● **DATA PROVIDED**

####################

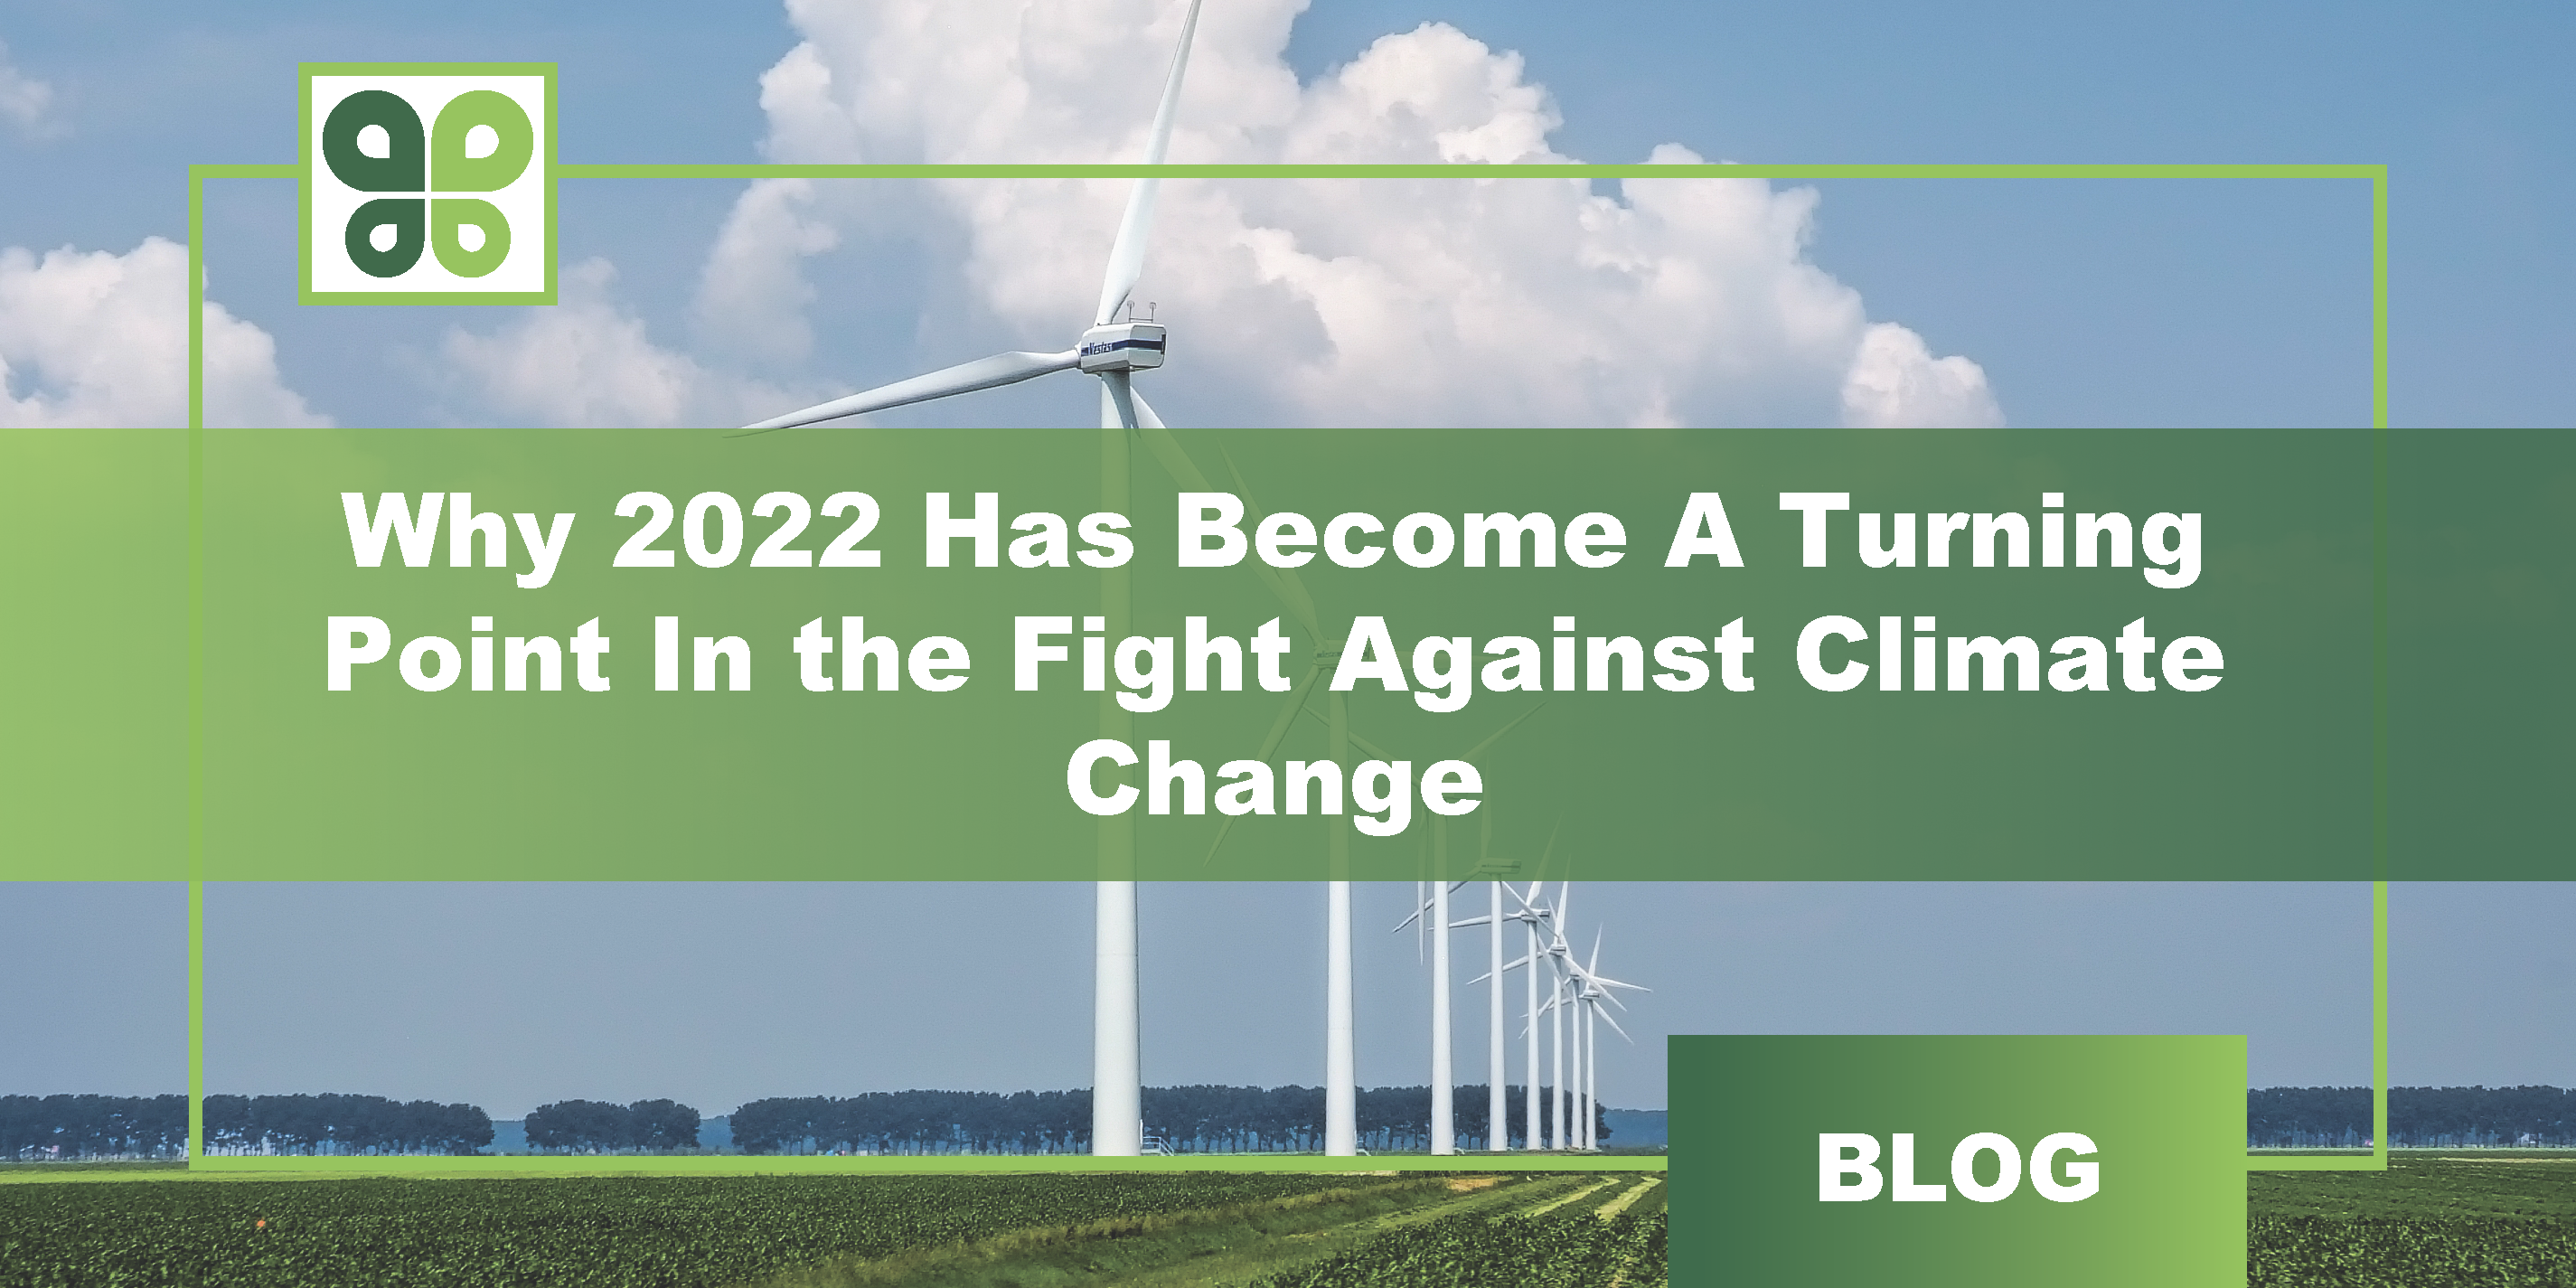 Why 2022 Has Become A Turning Point In the Fight Against Climate Change
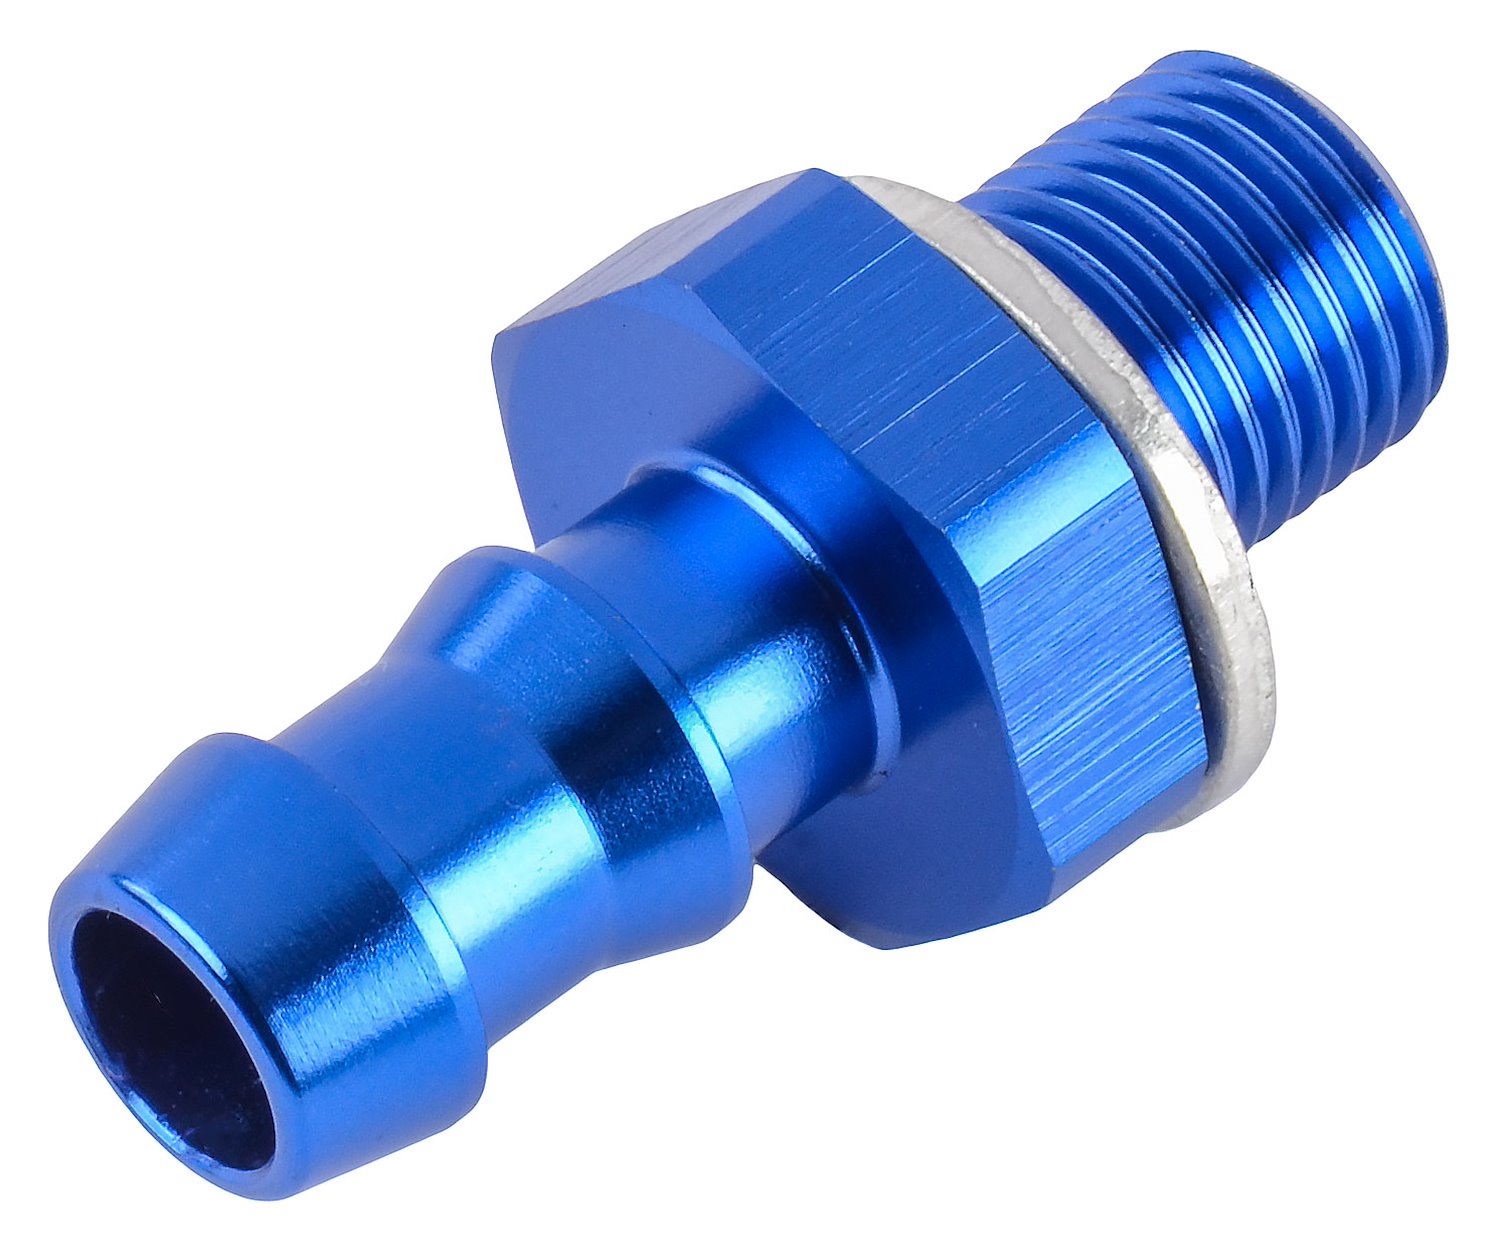 Hose Barb Adapter 10mm x 1.0 Male Straight to 5/16" Hose
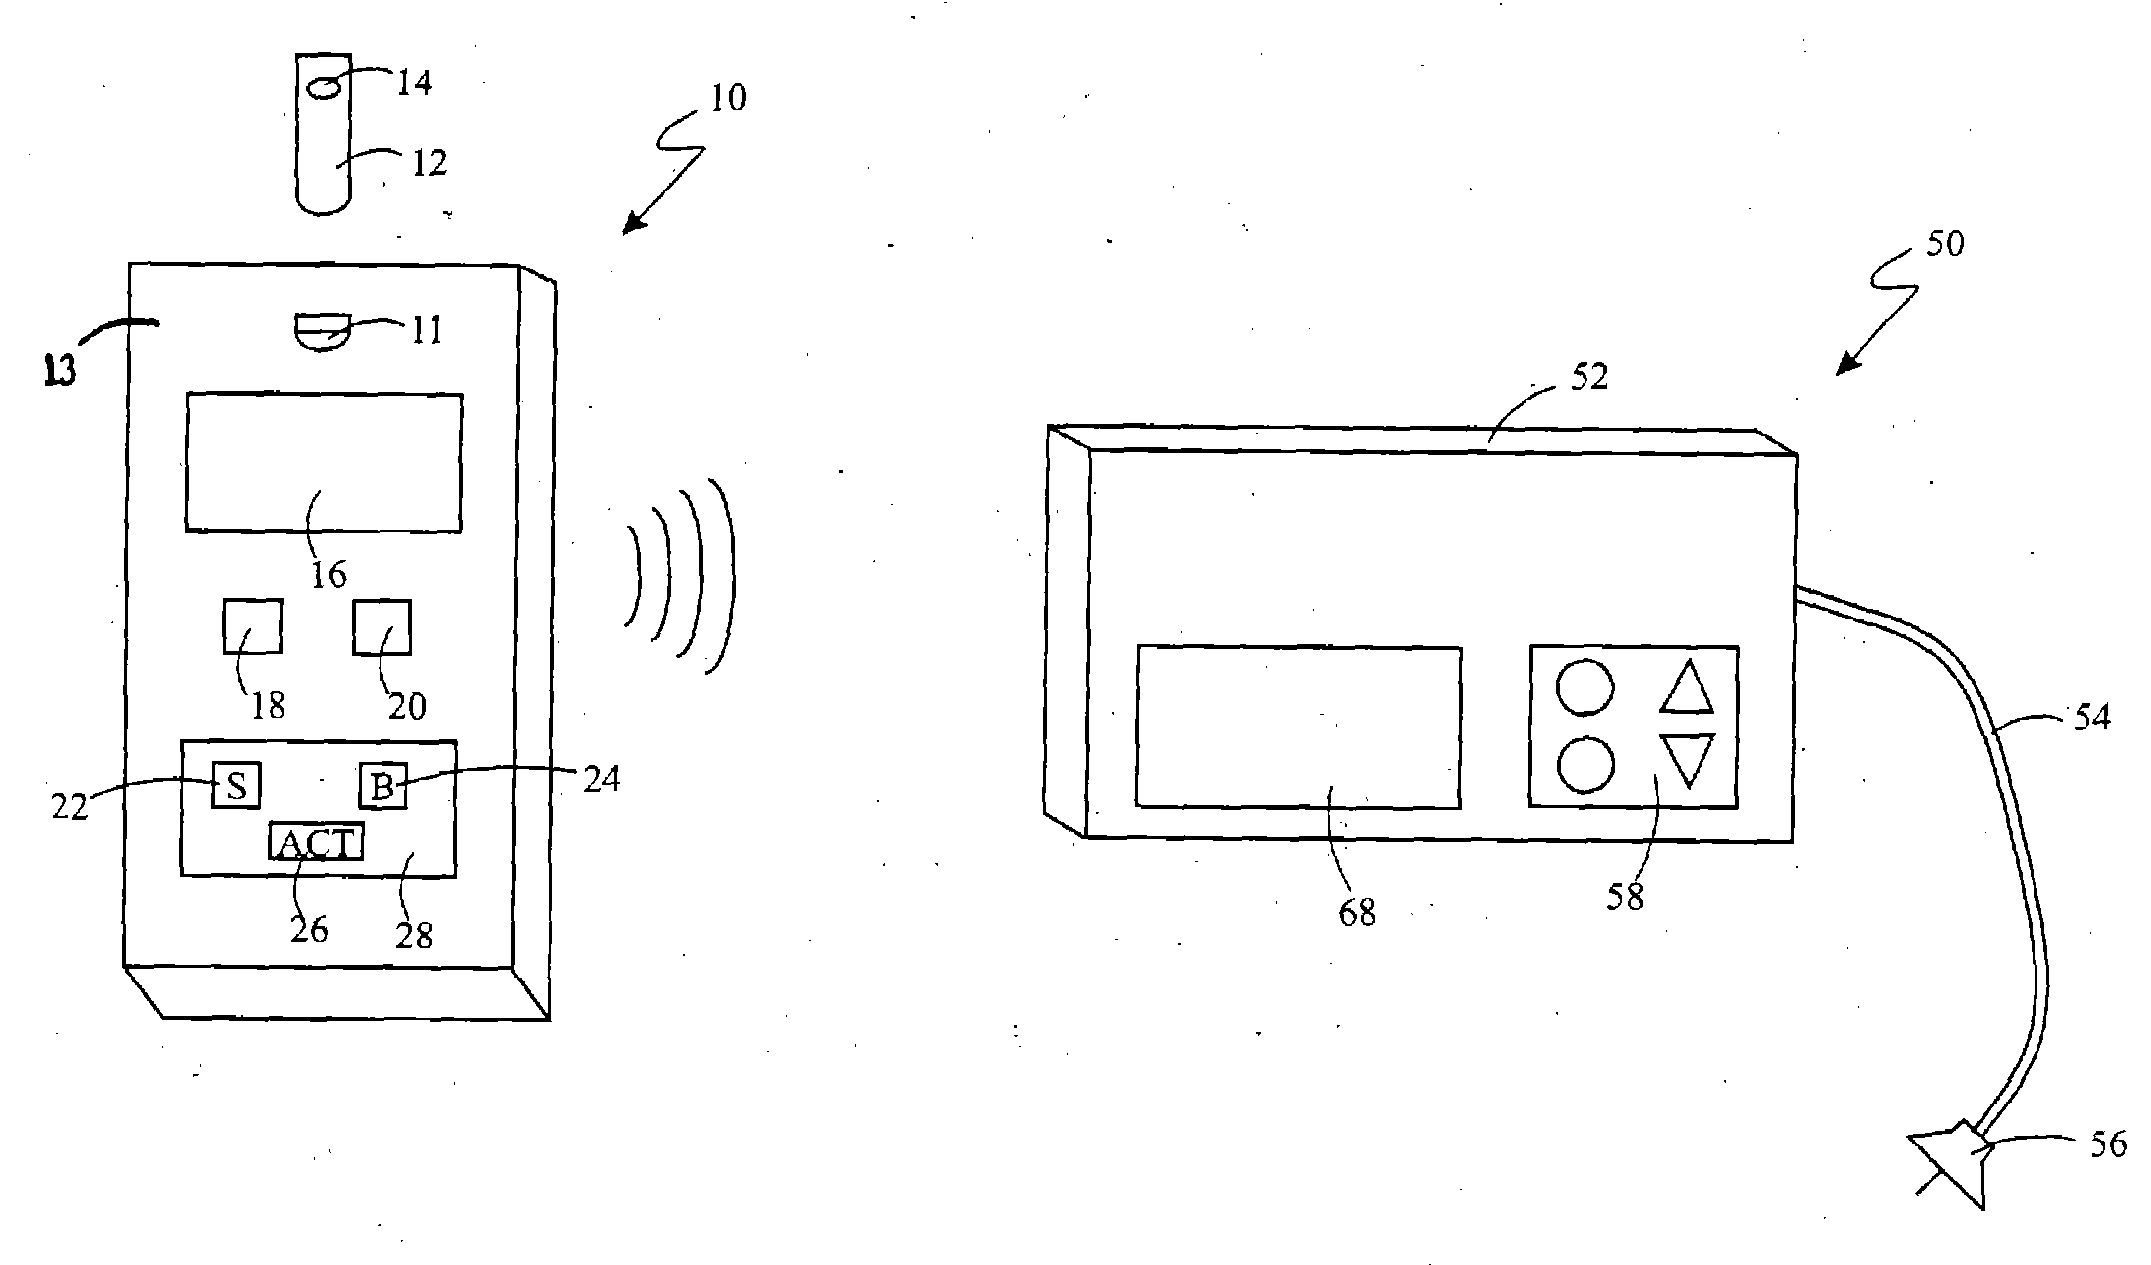 System for Providing Blood Glucose Measurements to an Infusion Device
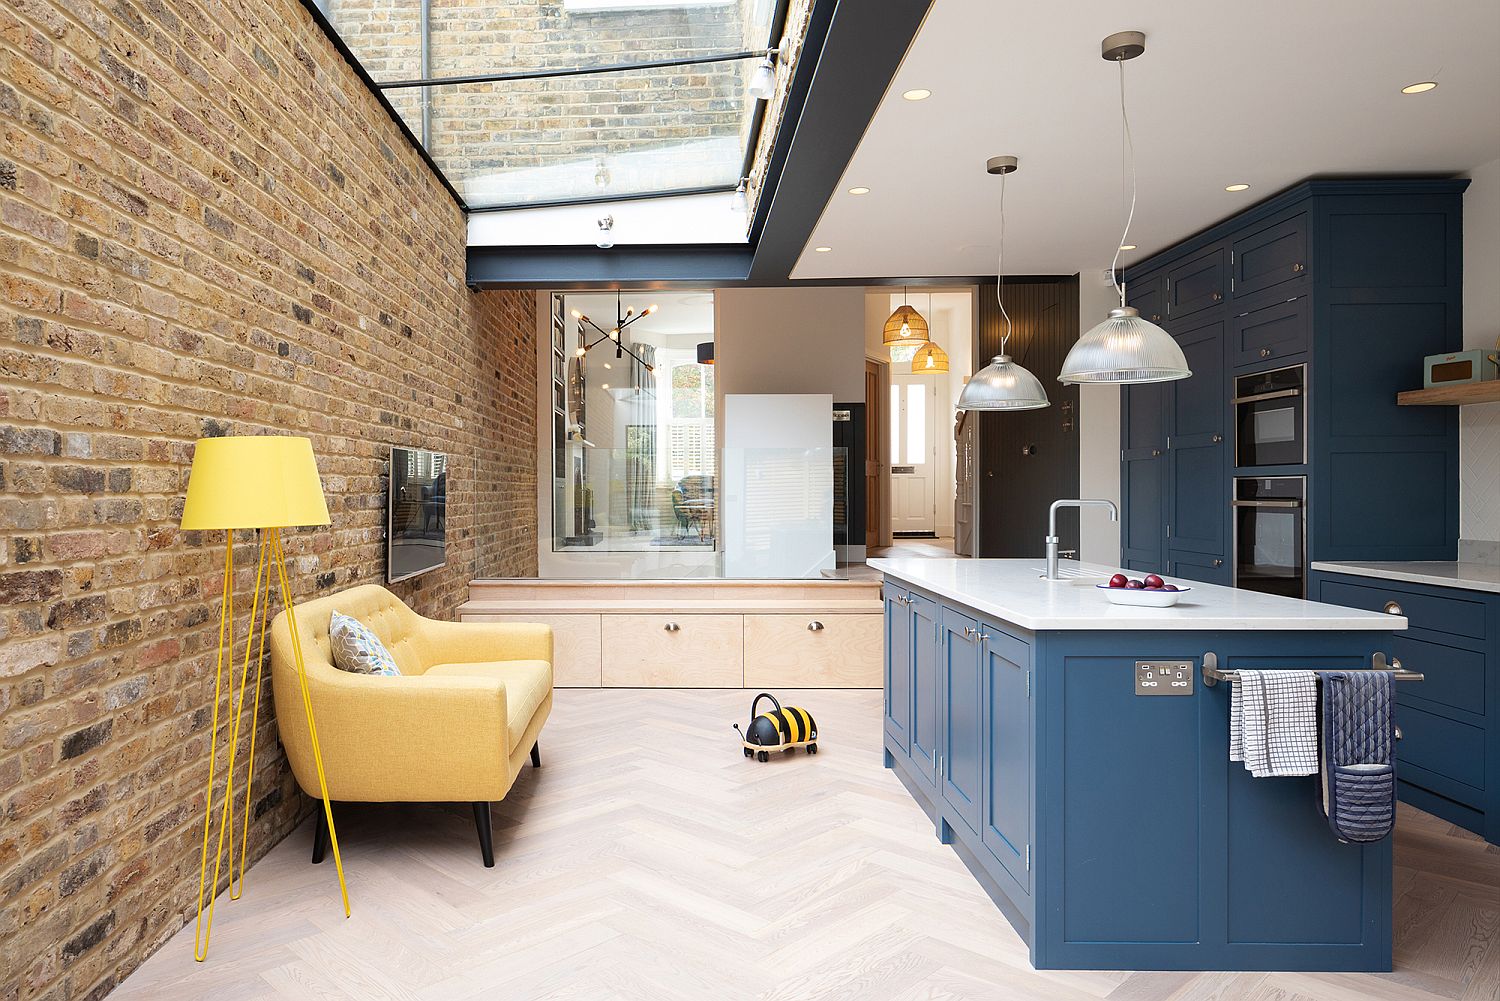 Fantastic kitchen area and social zone of London home with skylight and brick wall

####################

● **TASK TO COMPLETE**
Your answer must be only the lines from the one that holds "System for Providing" to the end of the listing, each restated word for word, with both ends kept and pictures left out.

● **ANSWER SPACE**
 System for Providing Blood Glucose Measurements to an Infusion Device
 Fantastic kitchen area and social zone of London home with skylight and brick wall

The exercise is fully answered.